Collection entries
---
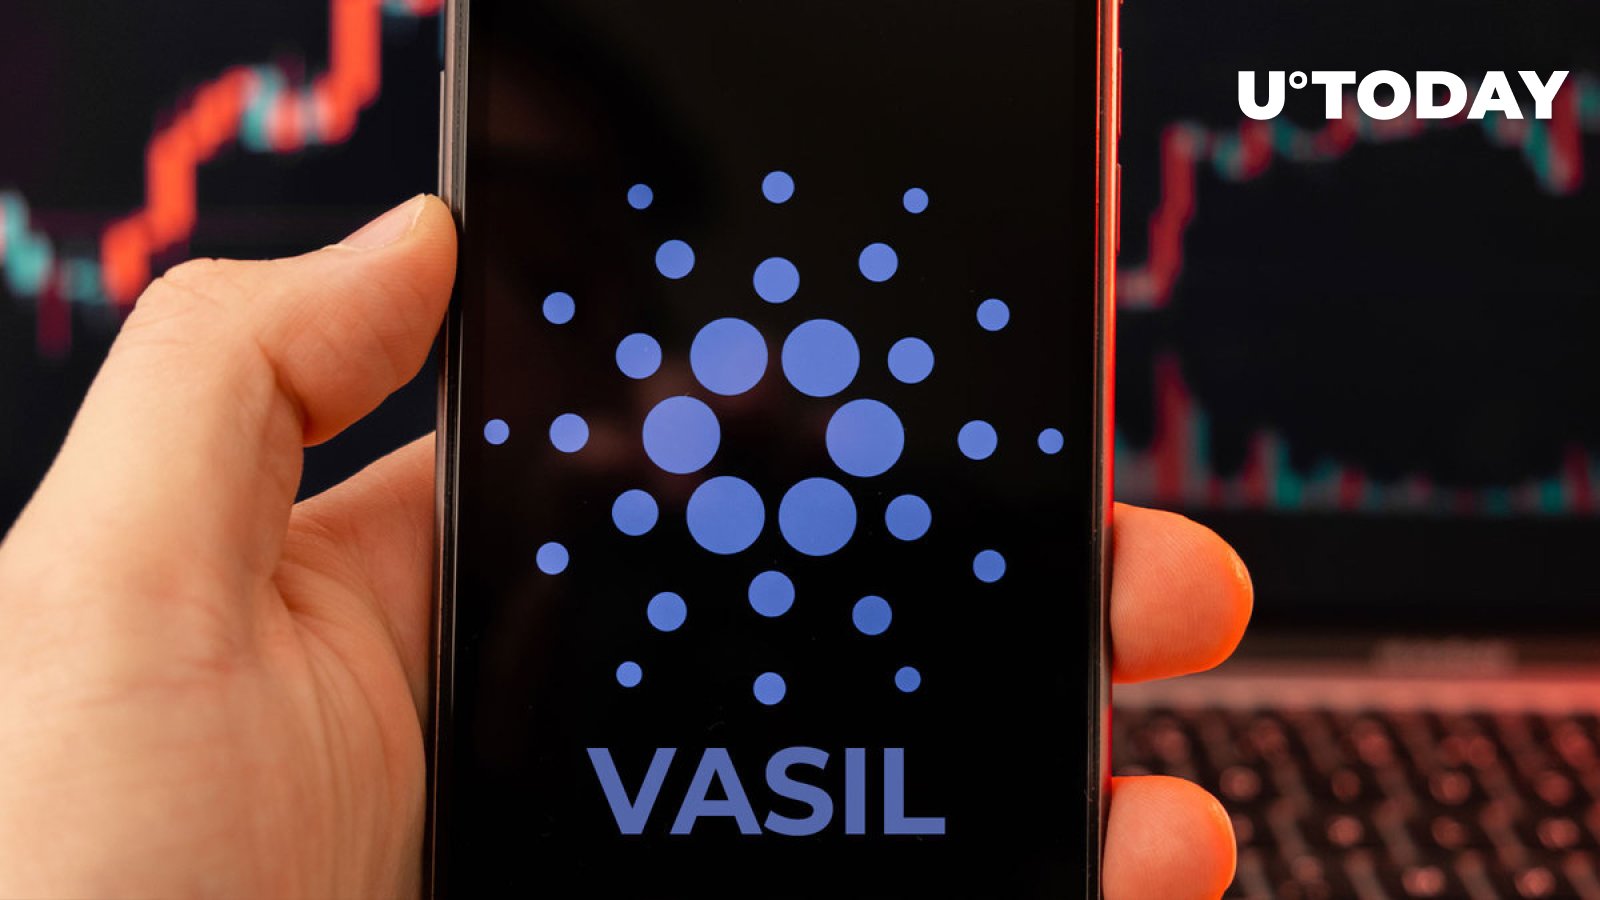 Cardano Users Can Now Track Vasil’s Progress in Real Time on This Newly Launched Platform: Details
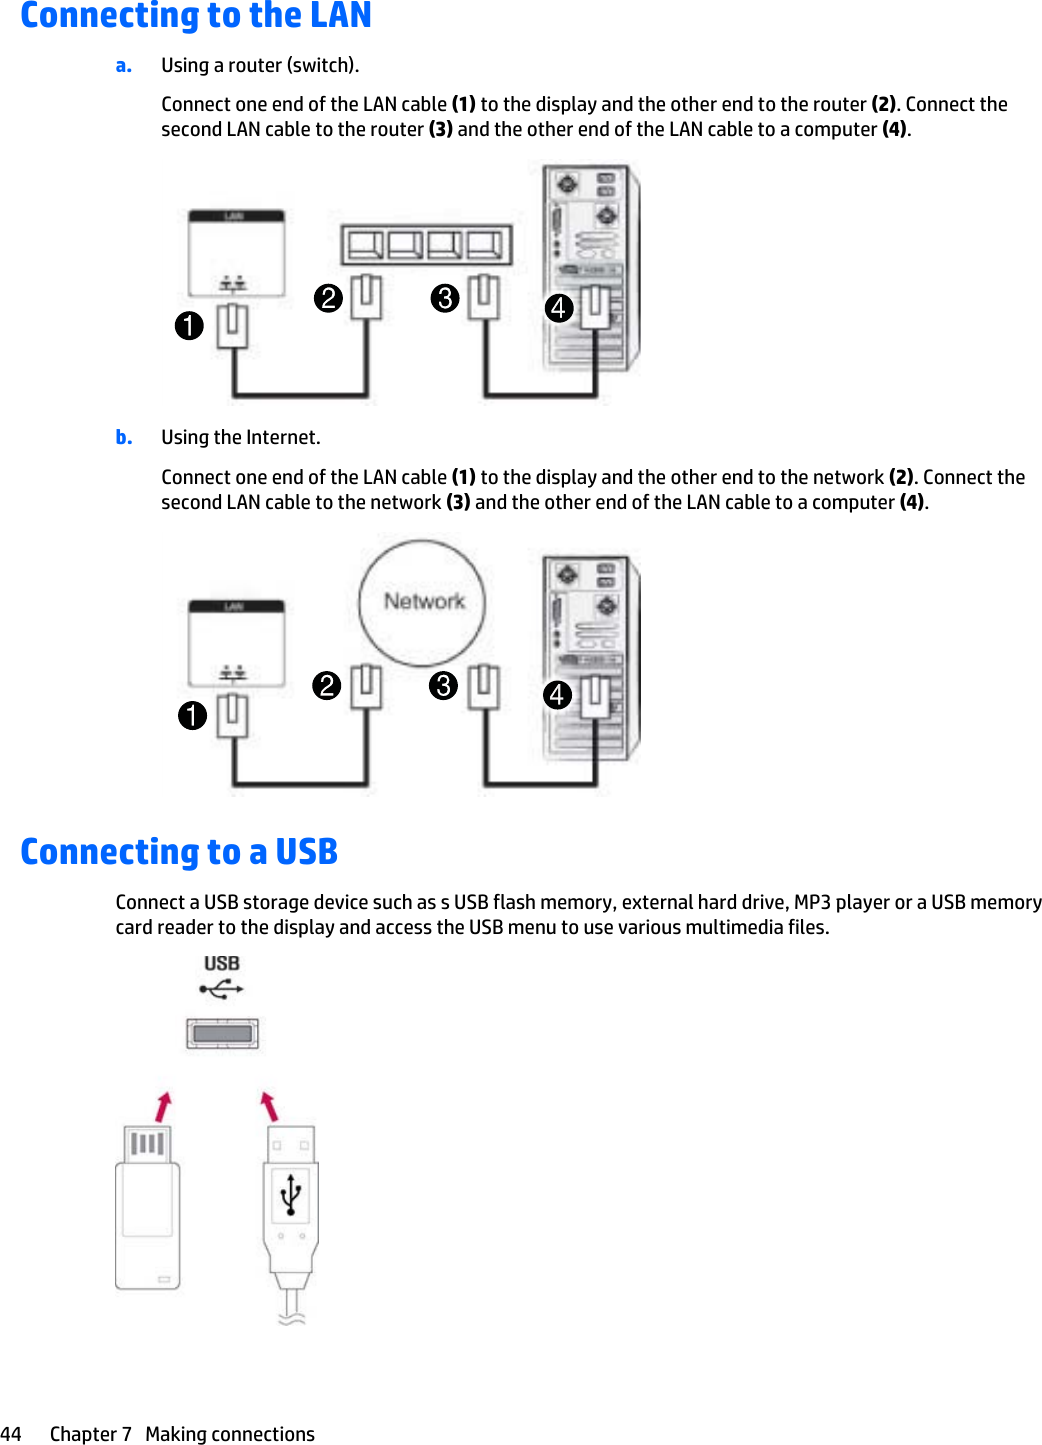 Connecting to the LANa. Using a router (switch).Connect one end of the LAN cable (1) to the display and the other end to the router (2). Connect thesecond LAN cable to the router (3) and the other end of the LAN cable to a computer (4).b. Using the Internet.Connect one end of the LAN cable (1) to the display and the other end to the network (2). Connect thesecond LAN cable to the network (3) and the other end of the LAN cable to a computer (4).Connecting to a USBConnect a USB storage device such as s USB flash memory, external hard drive, MP3 player or a USB memorycard reader to the display and access the USB menu to use various multimedia files.44 Chapter 7   Making connections
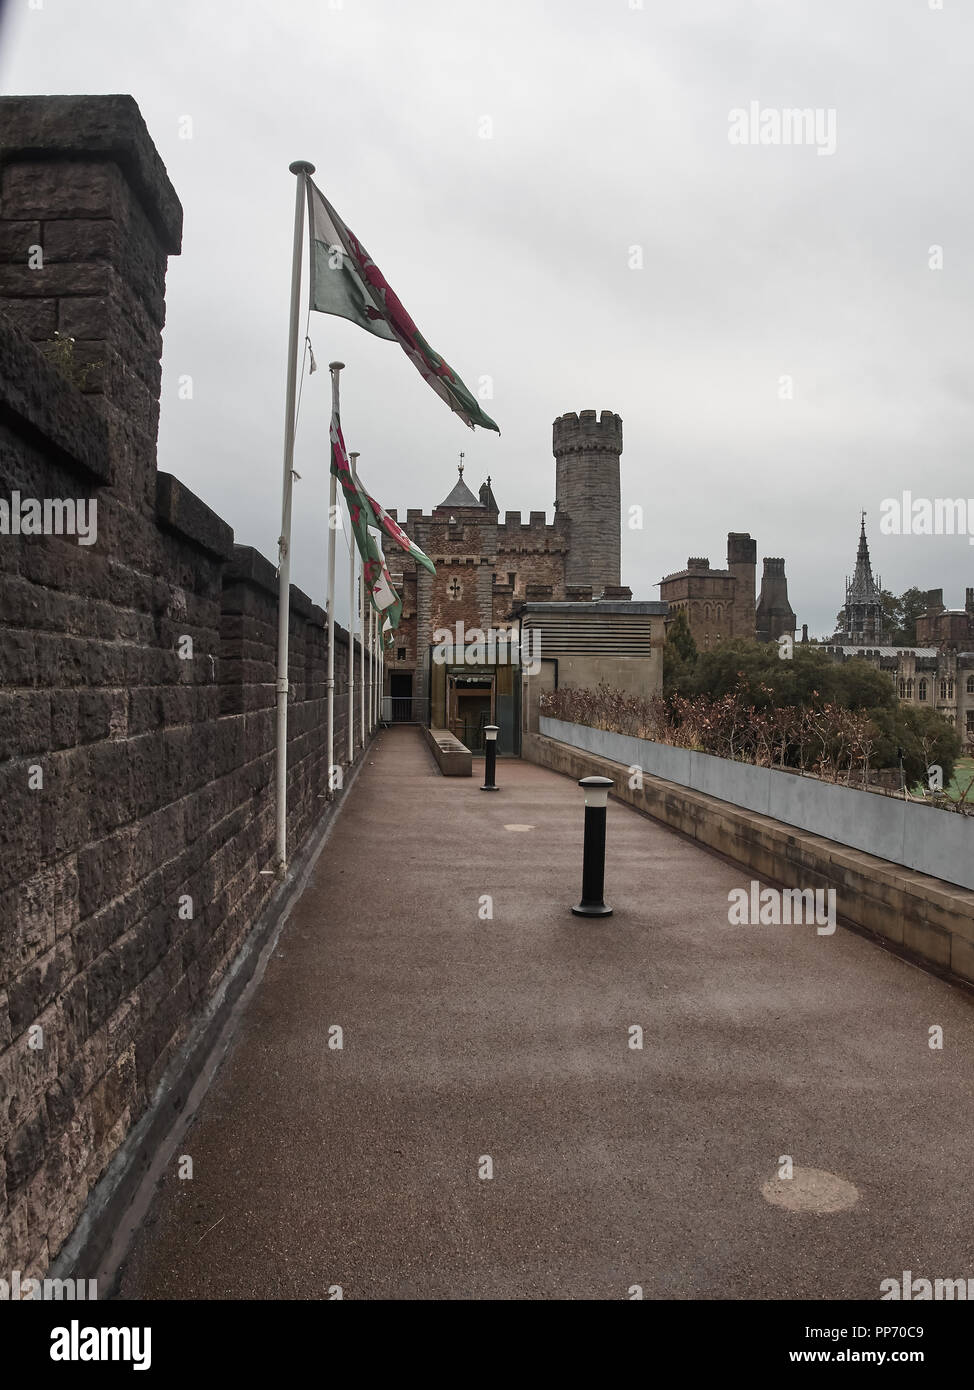 View of the walls of the castle of Cardiff from the inside Stock Photo
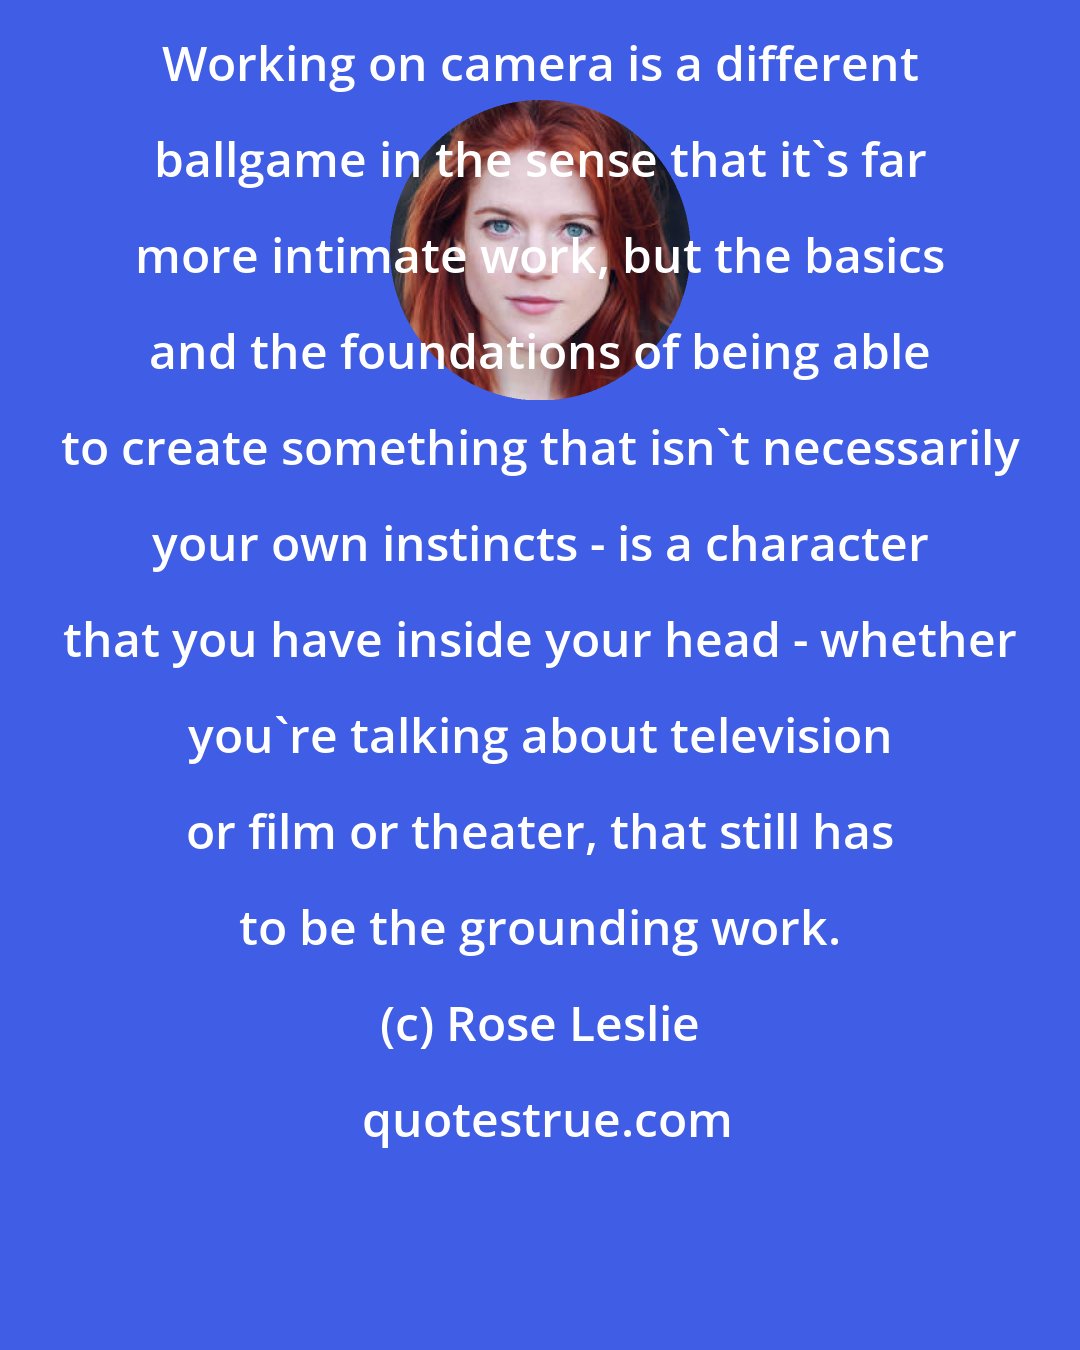 Rose Leslie: Working on camera is a different ballgame in the sense that it's far more intimate work, but the basics and the foundations of being able to create something that isn't necessarily your own instincts - is a character that you have inside your head - whether you're talking about television or film or theater, that still has to be the grounding work.
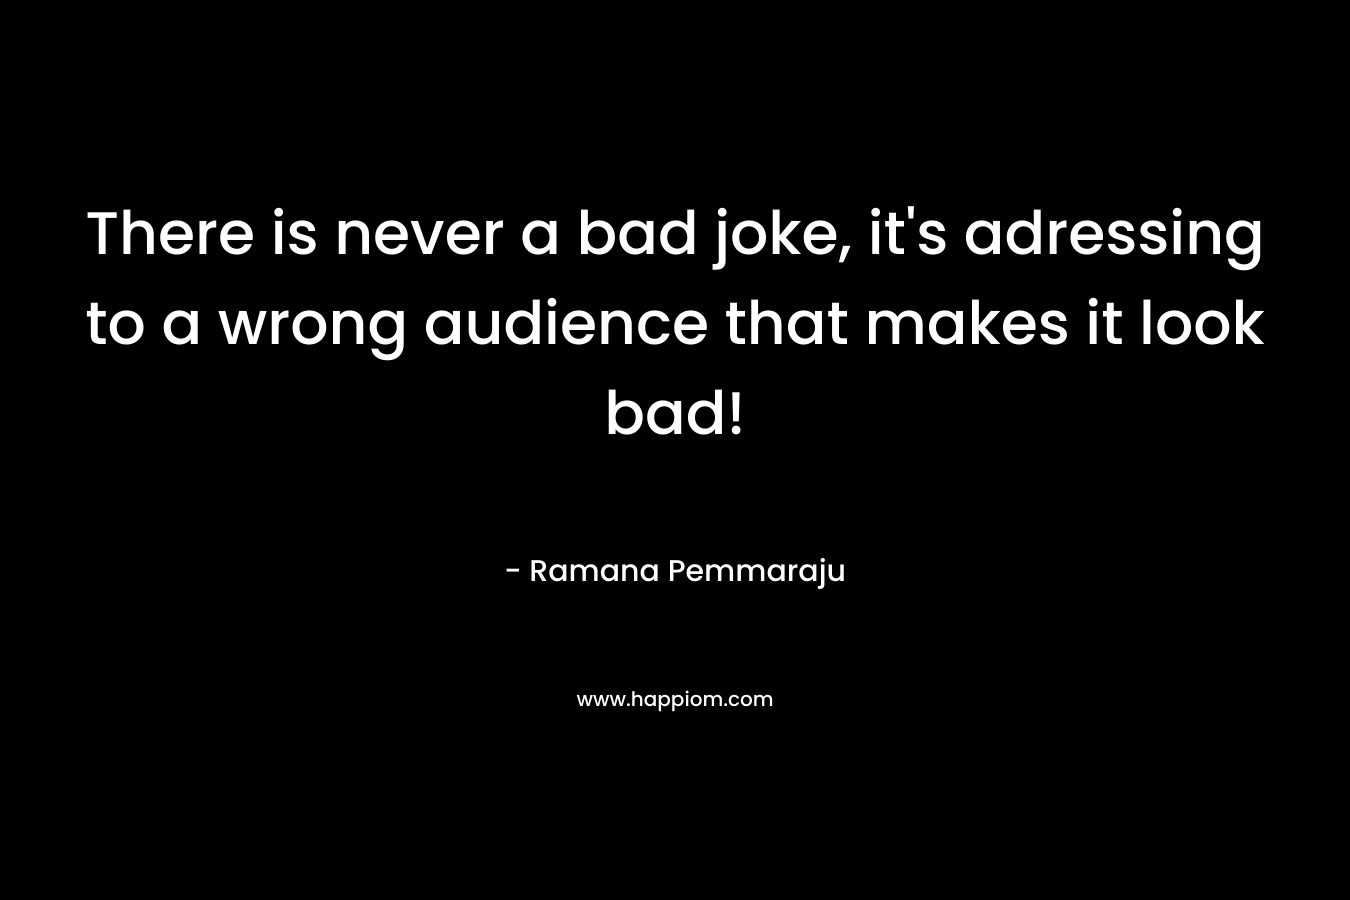 There is never a bad joke, it’s adressing to a wrong audience that makes it look bad! – Ramana Pemmaraju
---
Please copy every record above exactly, but leave the pictures out.

COMPLETED TASK
 Cardano Users Can Now Track Vasil’s Progress in Real Time on This Newly Launched Platform: Details
 Connecting to the LANa. Using a router (switch).Connect one end of the LAN cable (1) to the display and the other end to the router (2). Connect thesecond LAN cable to the router (3) and the other end of the LAN cable to a computer (4).b. Using the Internet.Connect one end of the LAN cable (1) to the display and the other end to the network (2). Connect thesecond LAN cable to the network (3) and the other end of the LAN cable to a computer (4).Connecting to a USBConnect a USB storage device such as s USB flash memory, external hard drive, MP3 player or a USB memorycard reader to the display and access the USB menu to use various multimedia files.44 Chapter 7   Making connections
 View of the walls of the castle of Cardiff from the inside Stock Photo
 Rose Leslie: Working on camera is a different ballgame in the sense that it's far more intimate work, but the basics and the foundations of being able to create something that isn't necessarily your own instincts - is a character that you have inside your head - whether you're talking about television or film or theater, that still has to be the grounding work.
 There is never a bad joke, it’s adressing to a wrong audience that makes it look bad! – Ramana Pemmaraju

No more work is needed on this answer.